Editor's note: This article has been corrected from a version that was printed April 25.
Serving SS. Constantine & Helen Greek Orthodox Church parishioners 40 years, the Rev. Evagoras Constantinides was a man of faith and action.
“He just couldn’t sit still,” Pastor Ted Poteres said. “Even into his 90s, he was leading pilgrimages to the Holy Land and doing weekly services until he moved to Texas last year.”
During his 26-year pastorate, Constantinides led the effort to construct the current cathedral and the Helenic Cultural Center.
Constantinides, 94, authored many liturgical books.
“You can talk about him as politician, you can talk about him as a clergyman, you can talk about him as an author, as a world traveler,” Poteres said.
First and foremost, Constantinides unified the church community when there was a dispute about where to locate the new church, Poteres said.

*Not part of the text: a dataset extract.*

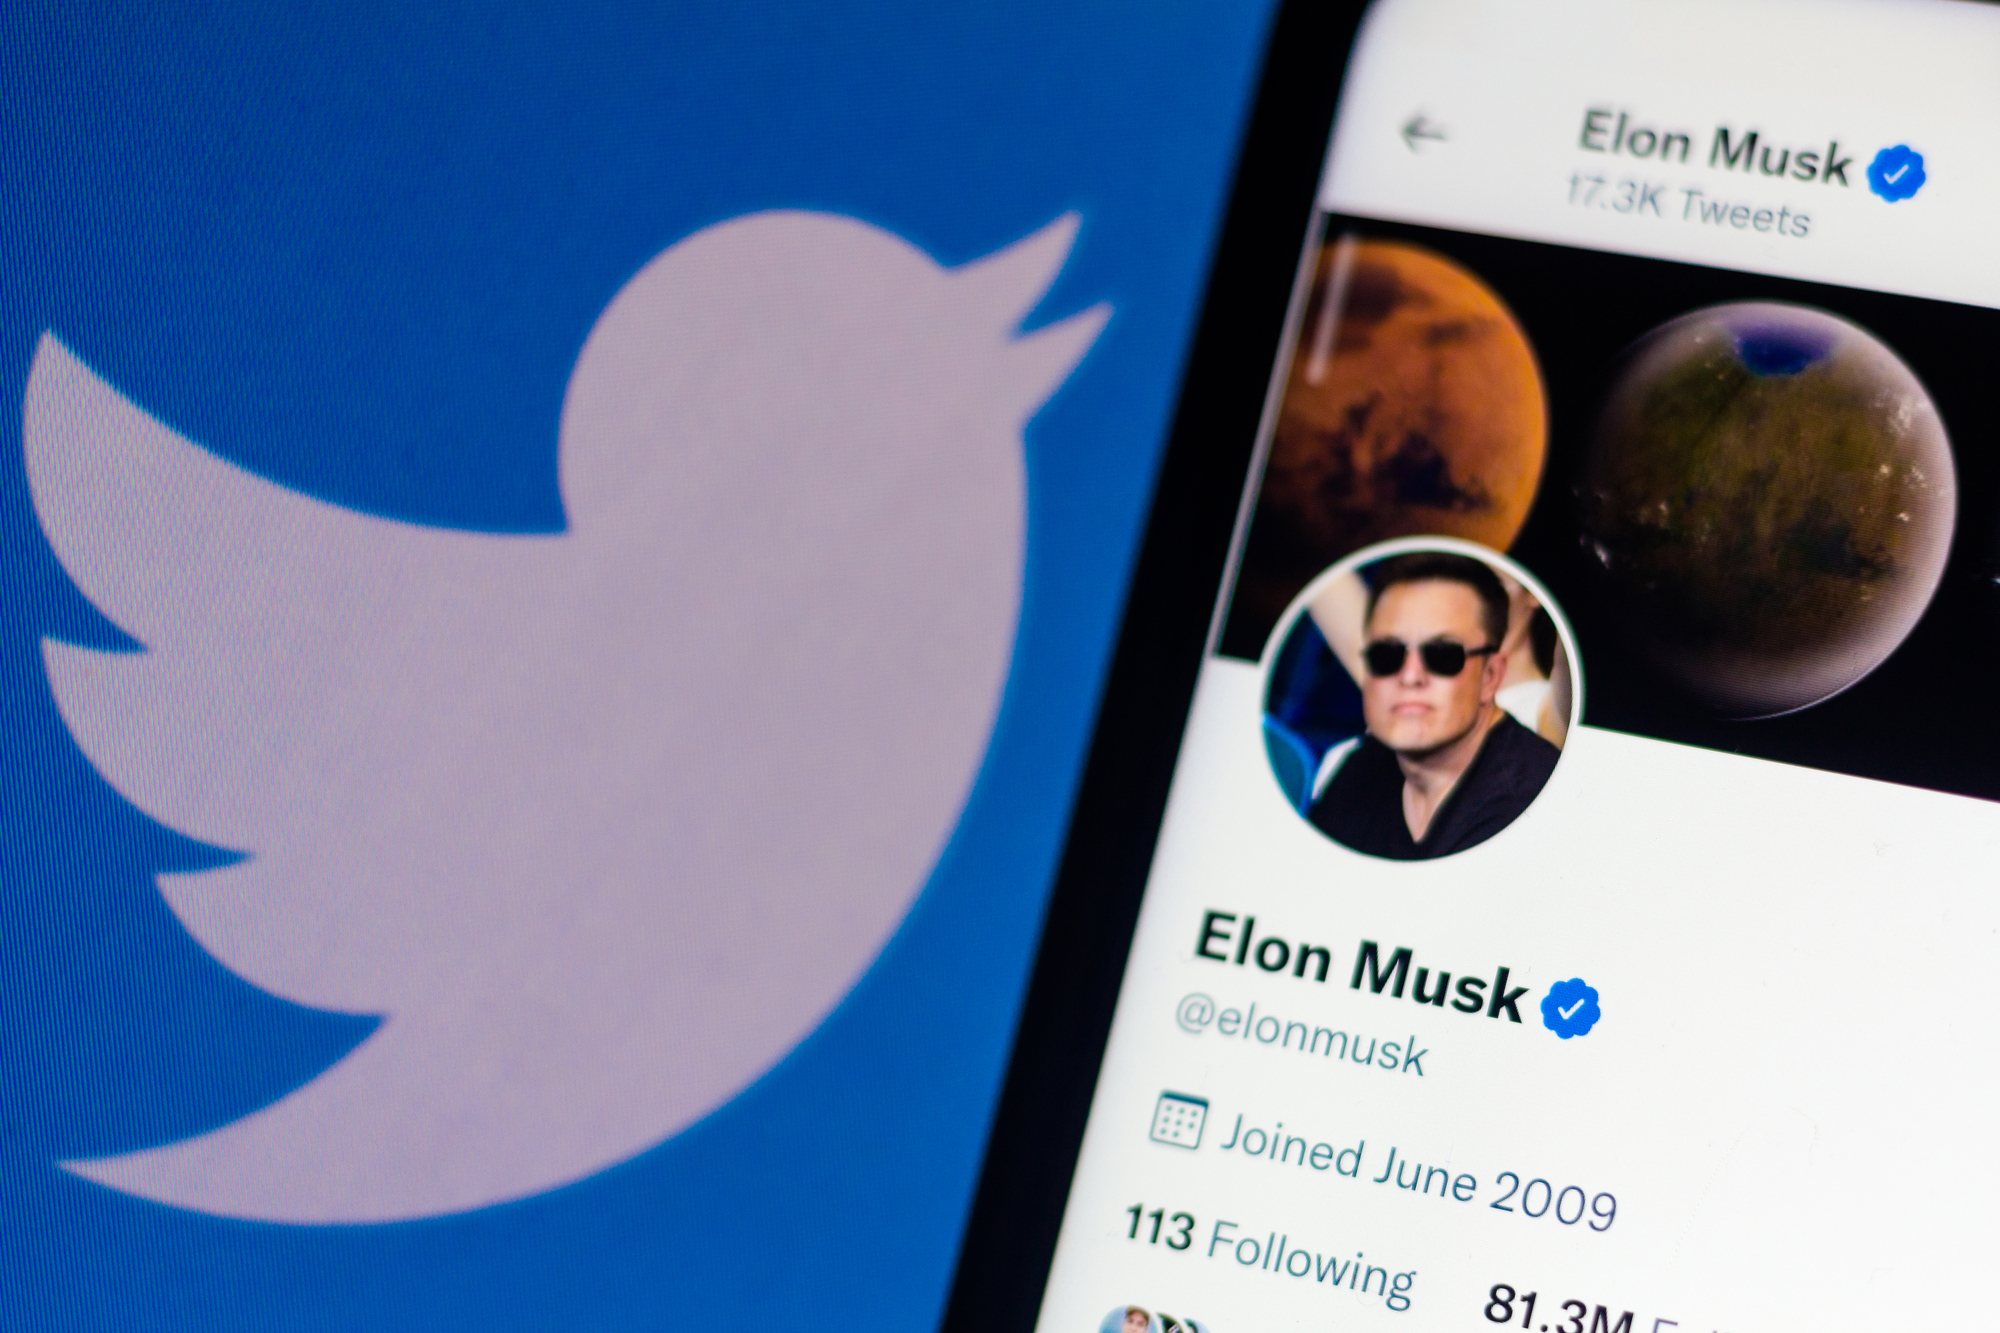 Pending any plot twists, Elon Musk will soon own Twitter

“It was his design for the church itself,” Poteres said. “Basically his vision became a reality with the circular church we have today. Everything in it, the icons, the icon screens, the pews, he had a hand in developing.”
Constantinides was influential in establishing the Ross Township food pantry decades ago to aid the families of unemployed steel workers struggling financially.

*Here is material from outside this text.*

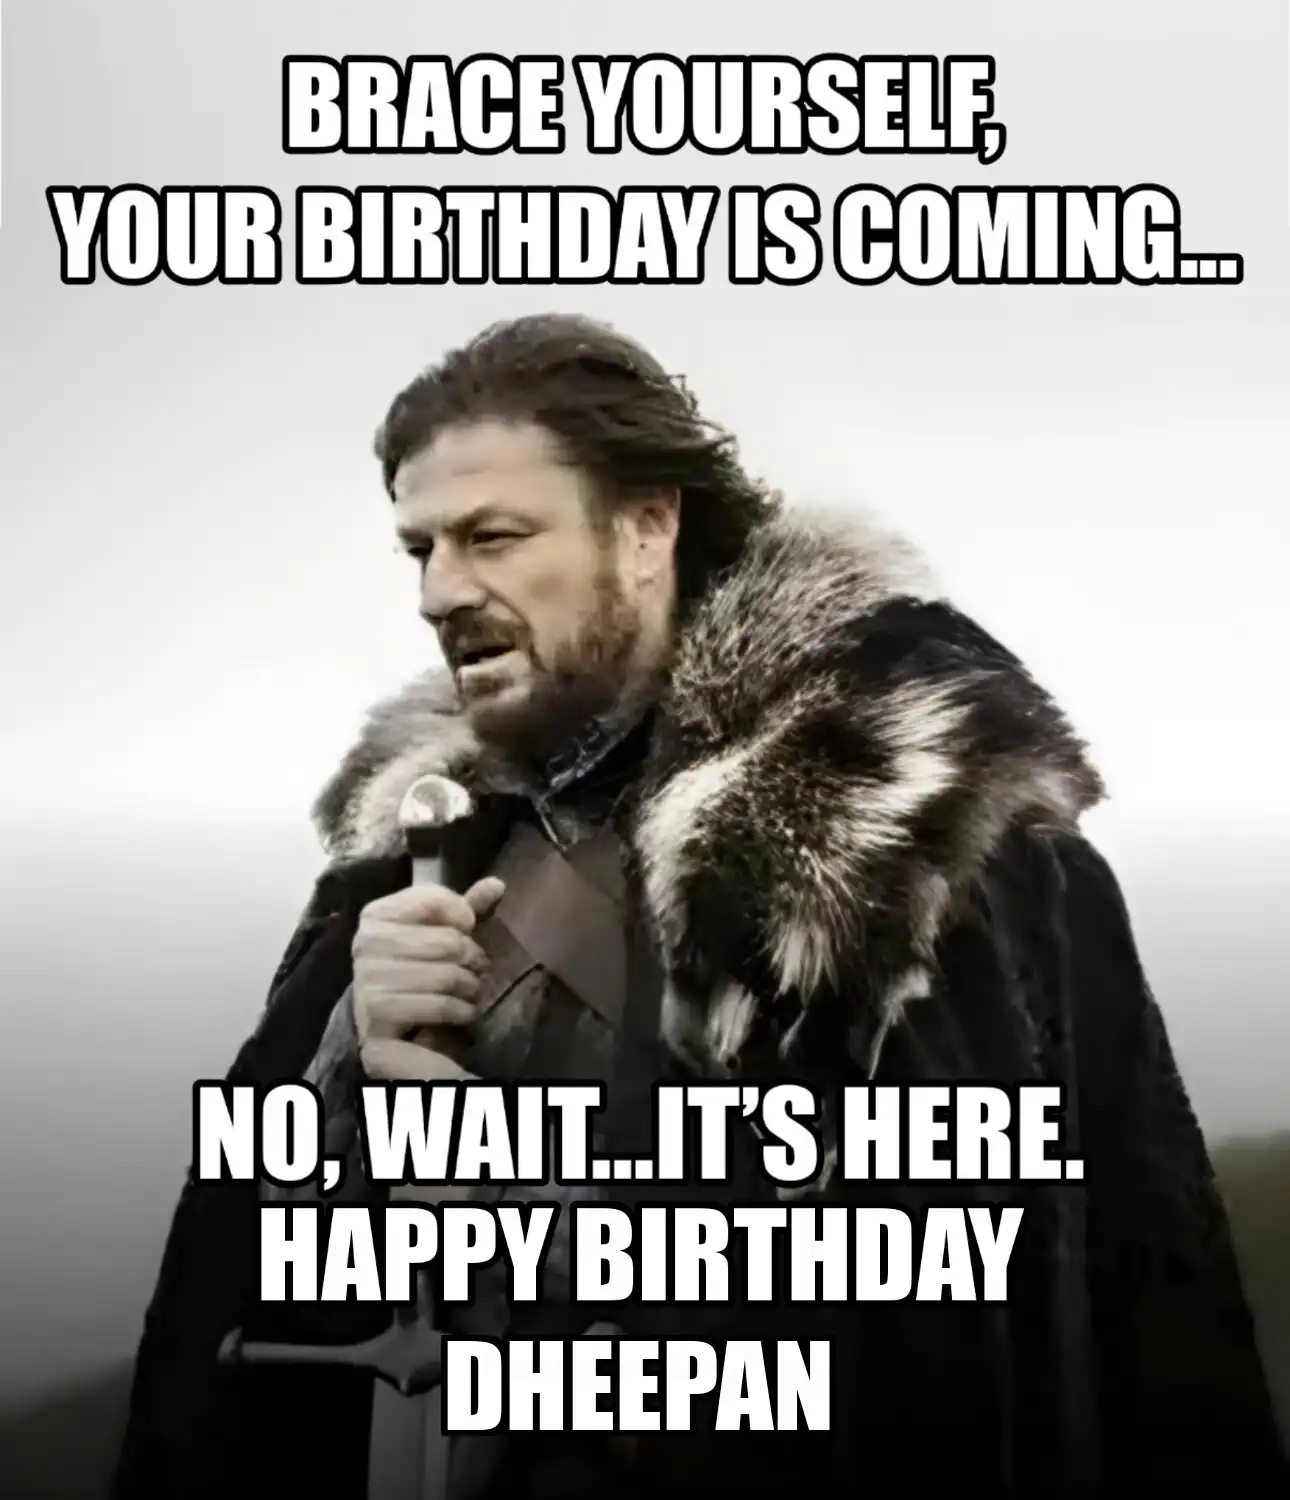 Happy Birthday Dheepan Brace Yourself Your Birthday Is Coming Meme

He took time to help bring people from Greece with health issues to local doctors and to get politicians to aid various Greek causes. He was the official translator in Indiana to help Greeks who didn’t speak English take their driver's exams.
Constantinides was politically oriented for Greek causes both in the United States and for his birthplace, the island of Cyprus.
“His fingerprint is on everything in this community and it will always be there which is fitting for all he did here,” Poteres said. “As an individual spiritual leader, he touches so many lives throughout the Greek Orthodox faith not only his parishioners but many people throughout the world.”